So, did I score a deal? Or is there a catch?


----------



## medhat (Jan 15, 2006)

Much like Loro Piana, Vitale Barberis can probably be found, in varying qualities, on a wide range of wool merchandise, of equally-widely ranging price. My opinion (same with LP) is that at the very least it's above average, rising to hi-end. In fact, my current favorite suit (MTM Brooks MG-measured) is made from Vitale Barberis wool, which I chose only based on it's feel and appearance (found out the manufacturer after the decision). So, yes, if you like it, it was a good deal.


----------



## whistle_blower71 (May 26, 2006)

Sounds like a real bargain.
There is a strong bias on this forum towards the London merchants (Eg. Lessers and Smith Woollens) over cloth mills.
There is a perception that the cloth that VBC makes for Holland & Sherry, Dormeuil and Smiths is better than the stuff they make for RTW brands.
That is not my experience.
If you like the look and feel. Buy it.

*W_B*


----------



## pichao (Apr 13, 2008)

*Good quality*

I recently ordered a two piece suit (made to measure) made with fabrics from Vitale Barberis Canonico.

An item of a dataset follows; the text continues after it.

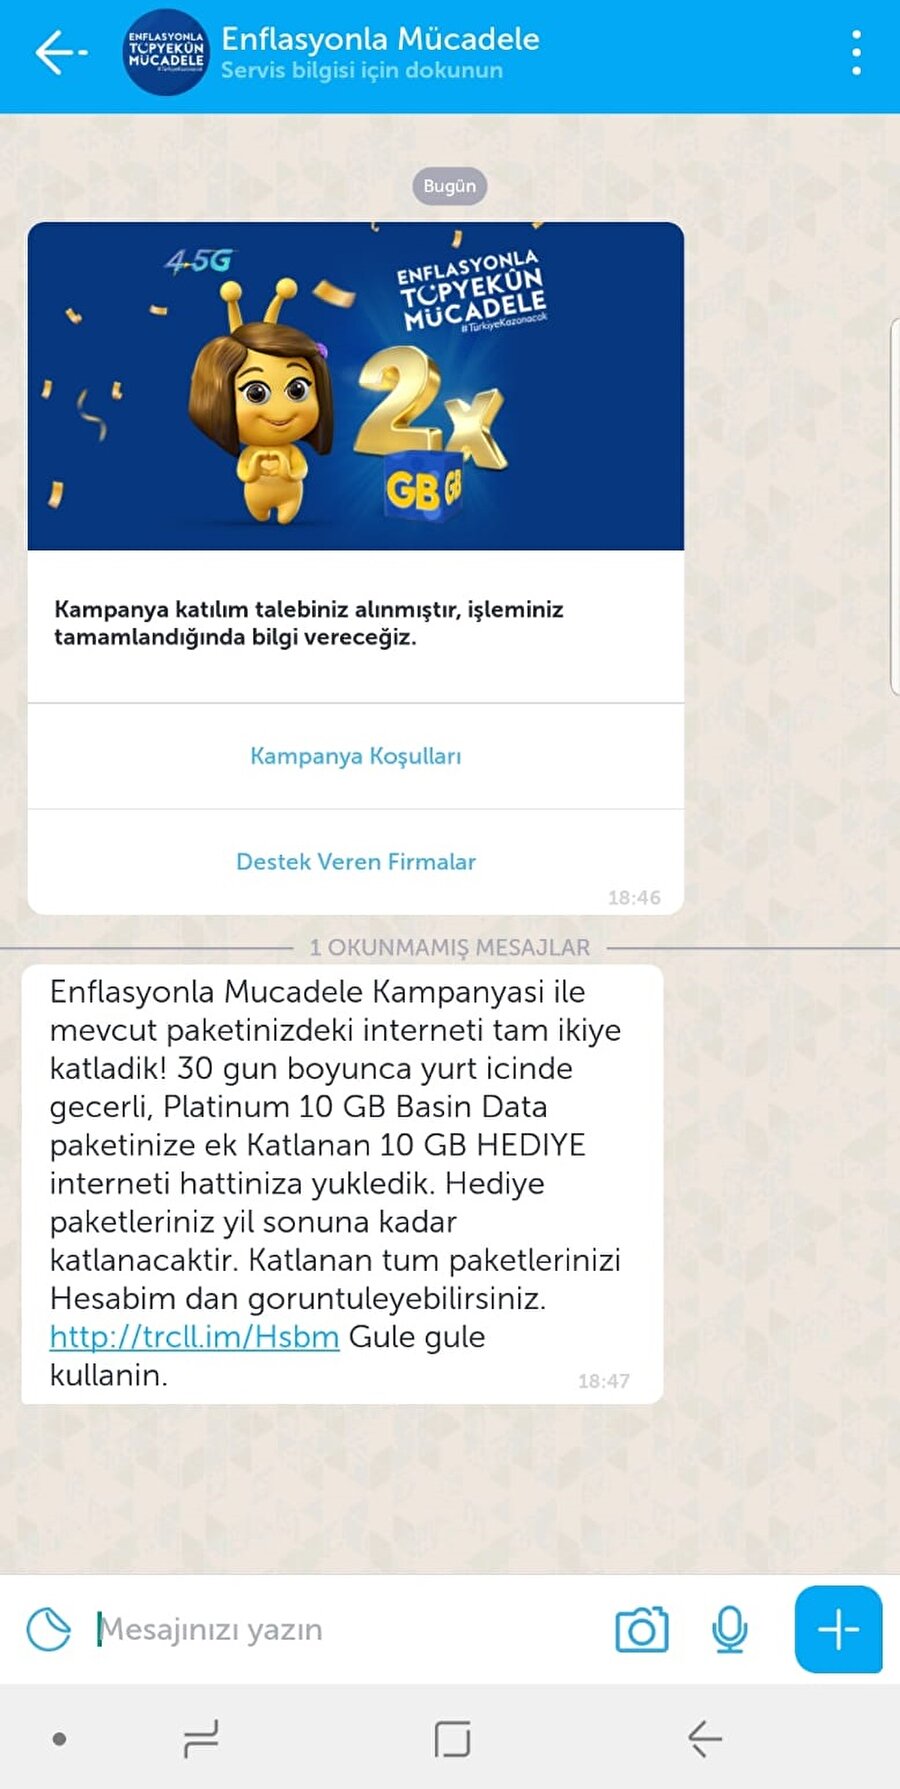 Turkcell, BIP kullanıcılarına 'özel açılan kanal' ve mesaj yoluyla kampanyayı iletti. 
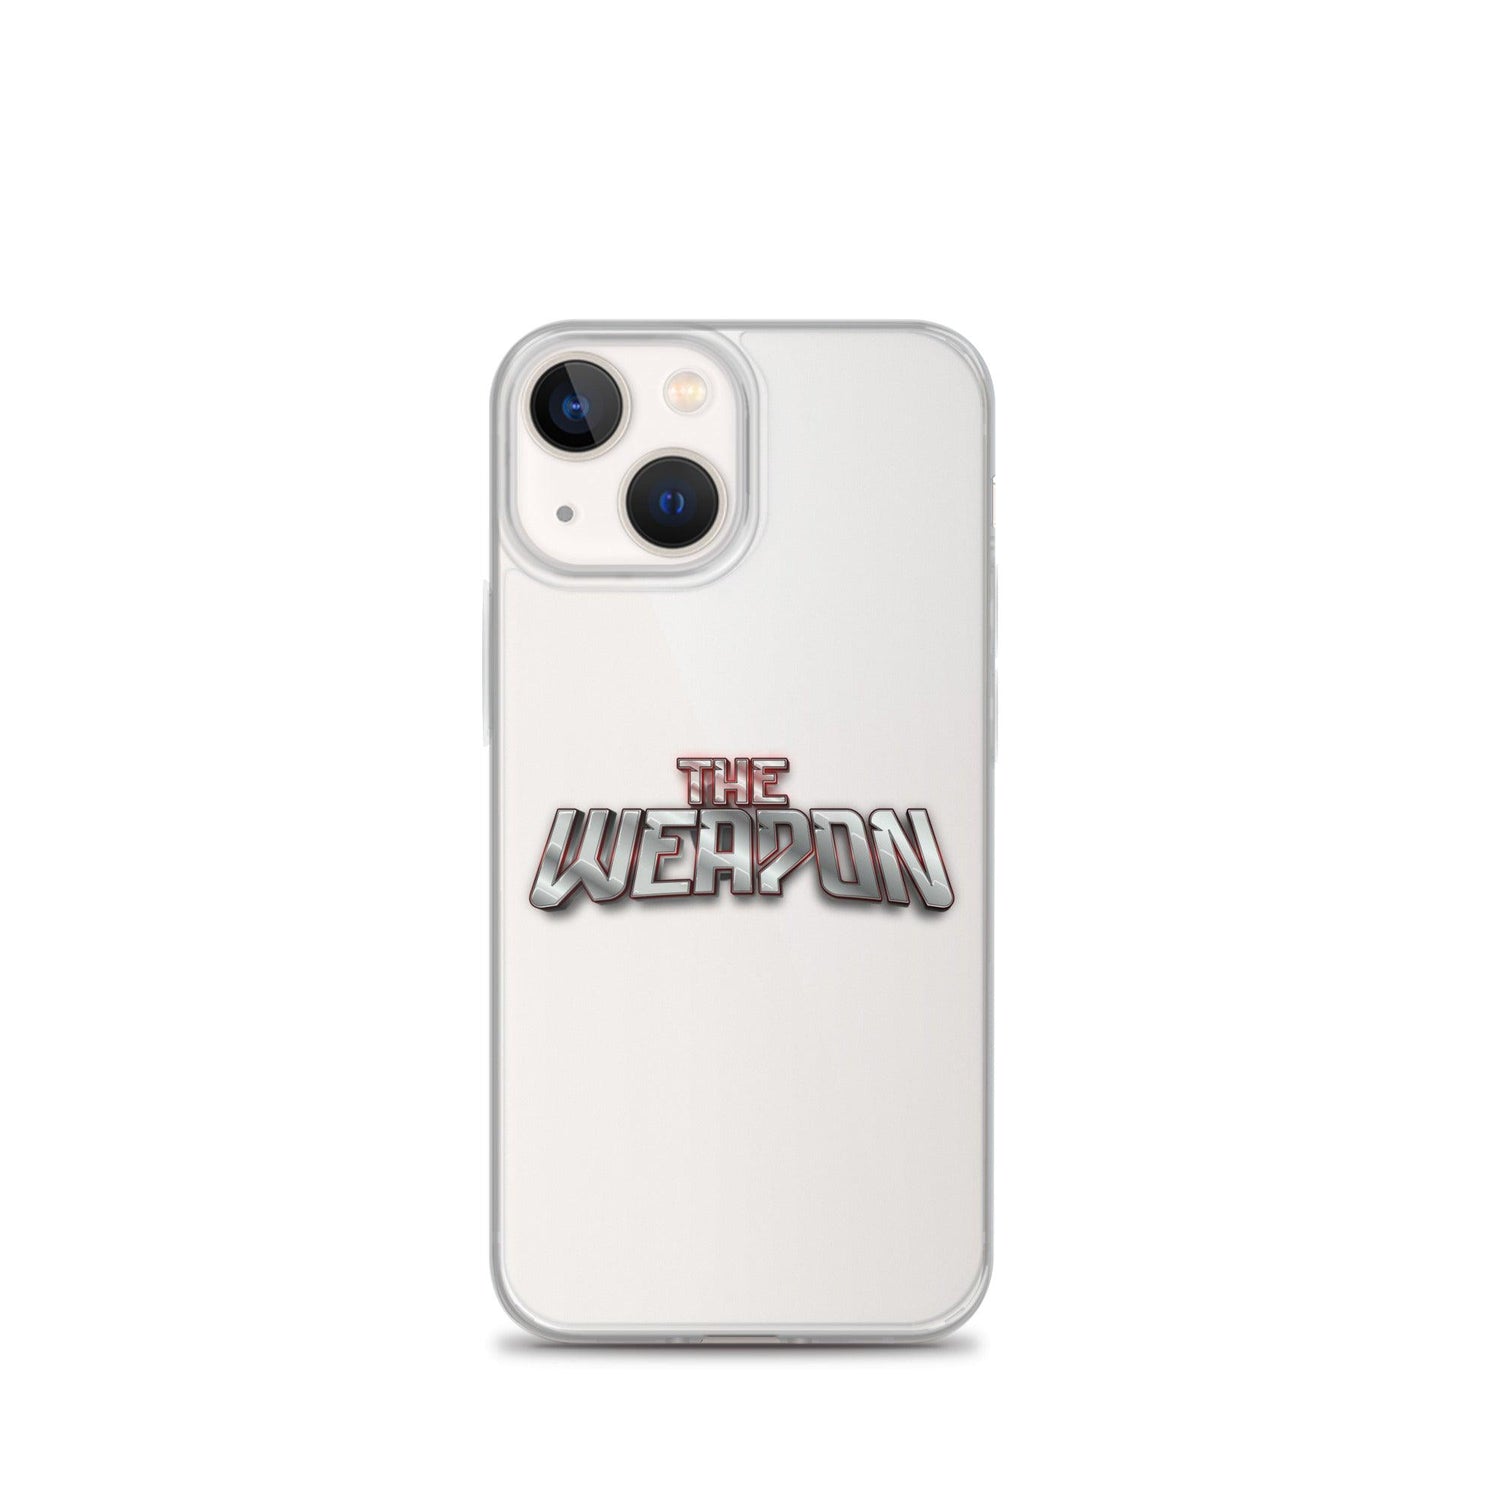 Aubrey Ward Jr. "The Weapon" iPhone Case - Fan Arch

According to my opinion the fabric has a very high quality to a moderate price. Good value for money!:icon_smile:


----------



## David A. (Mar 8, 2006)

*By the way...*

If there are any Italian speakers out there -- and how could there not be on a site like this? -- does "Vitale Barberis Canonico" mean something, or is it just a name?


----------



## Graft (Apr 7, 2008)

According to the company's website, it is the name of the founder.

https://www.vitalebarberiscanonico.it/index2_en.htm


----------



## Graft (Apr 7, 2008)

By the way, it is an interesting site with vids of the dyeing and weaving processes.


----------



## HISMES PARIS (Mar 26, 2008)

Does anyone know where to buy VBC? I'm looking to have a suit made, but want to bring my own cloth to the tailor.


----------



## Sator (Jan 13, 2006)

I would recommend avoiding VBC if you can. If the OP is happy with the cut and construction of his suits so be it, but I suspect VCB labelled garments are fused and made in Eastern Europe. VBC cloths tend to be 2x1, and will not stand up to prolonged abuse.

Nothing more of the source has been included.